目標はシステムドライブがランダムアクセス(4KB)で 1GB/s 以上を目指します。

仮想PCを RAM DISK から起動する手法は今までも有りましたが、今回はWindows 8 Proを RAM DISK からネイティブブートする事に挑戦します。

最初に種明かしをしますと、Windows 7 Ultimate/Enterprise などでも利用出来るVHDブートを流用します。
(その為 Windows 8 ではVHDブートが可能なPro エディション限定に成ります。)

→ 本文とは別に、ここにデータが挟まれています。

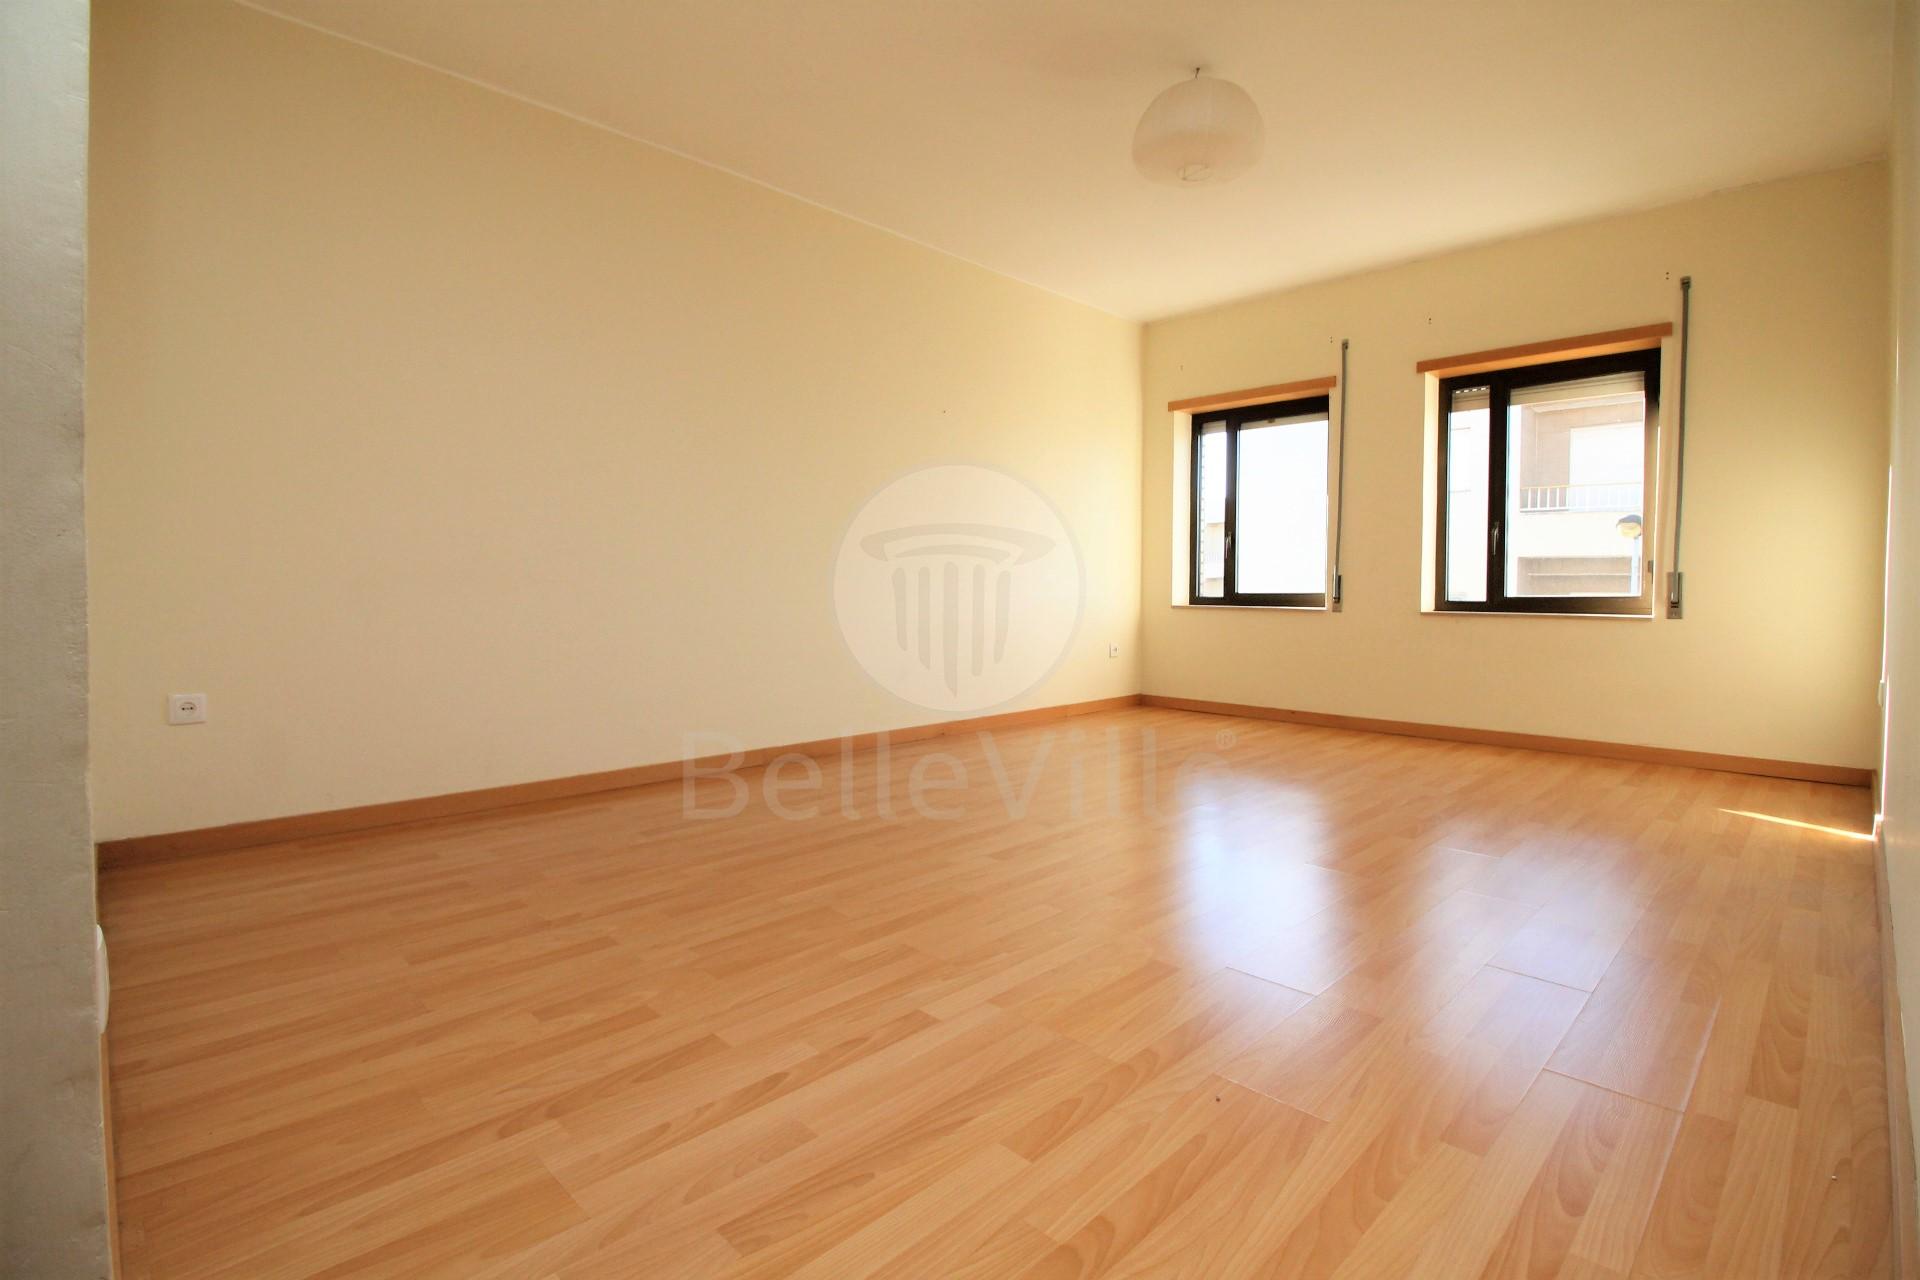 Apartamento T1, Braga, Maximinos,

ですが、未だWindows 8 Proは発売前ですし、筆者はMSDNにも今は参加してませんので、まずは Windows8 RC/CP や Windows 7 Ultimate (64Bit) を使って RAM DISK から起動する仕組みを試行錯誤して動作検証をしておき、Windows8 Proの発売と同日に環境構築が完了する事を目指してみます。→ 2012/10/26 発売されましたが目標達成出来ませんでしたorz(17号機のBIOSがWindows8に対応していなかった(現在は対応済み)事やUEFI-BOOT(Z9PE-D8 WSは見掛け上はBIOSだが中身はUEFI)に関する知識不足など色々な要因が有りますが、筆者のWindows8に対するモチベーションの低さが最大要因かもしれません。)

VHDは、元々はConnectix社のVirtualPC用の仮想HDDファイルの形式で、現在でもMS製の仮想PCで利用されていますが、MSがVirtualPCをConnectix社から買収した事で状況が変わり、仮想PCのみでなく実機PCでもVHDからの起動が出来る様になりました。
余談ですが、筆者は二代目のiMac(ストロベリー)イベント展示品をApple社員から安価に譲ってもらい、そこにVirtualPCを入れてWin98SEでゲームしていた時期が有ります。当時は実機PCよりMac+VirtualPCの方が早いと話題にもなっていまして、実際、普通に使えました。

VHDは、VMWareの様に複数ファイルに分割されている訳ではなく、1ファイル=1仮想PCだったりするのでHDD/SSDをエミュレートする以外の不要な情報もたくさん盛り込まれているかもしれません。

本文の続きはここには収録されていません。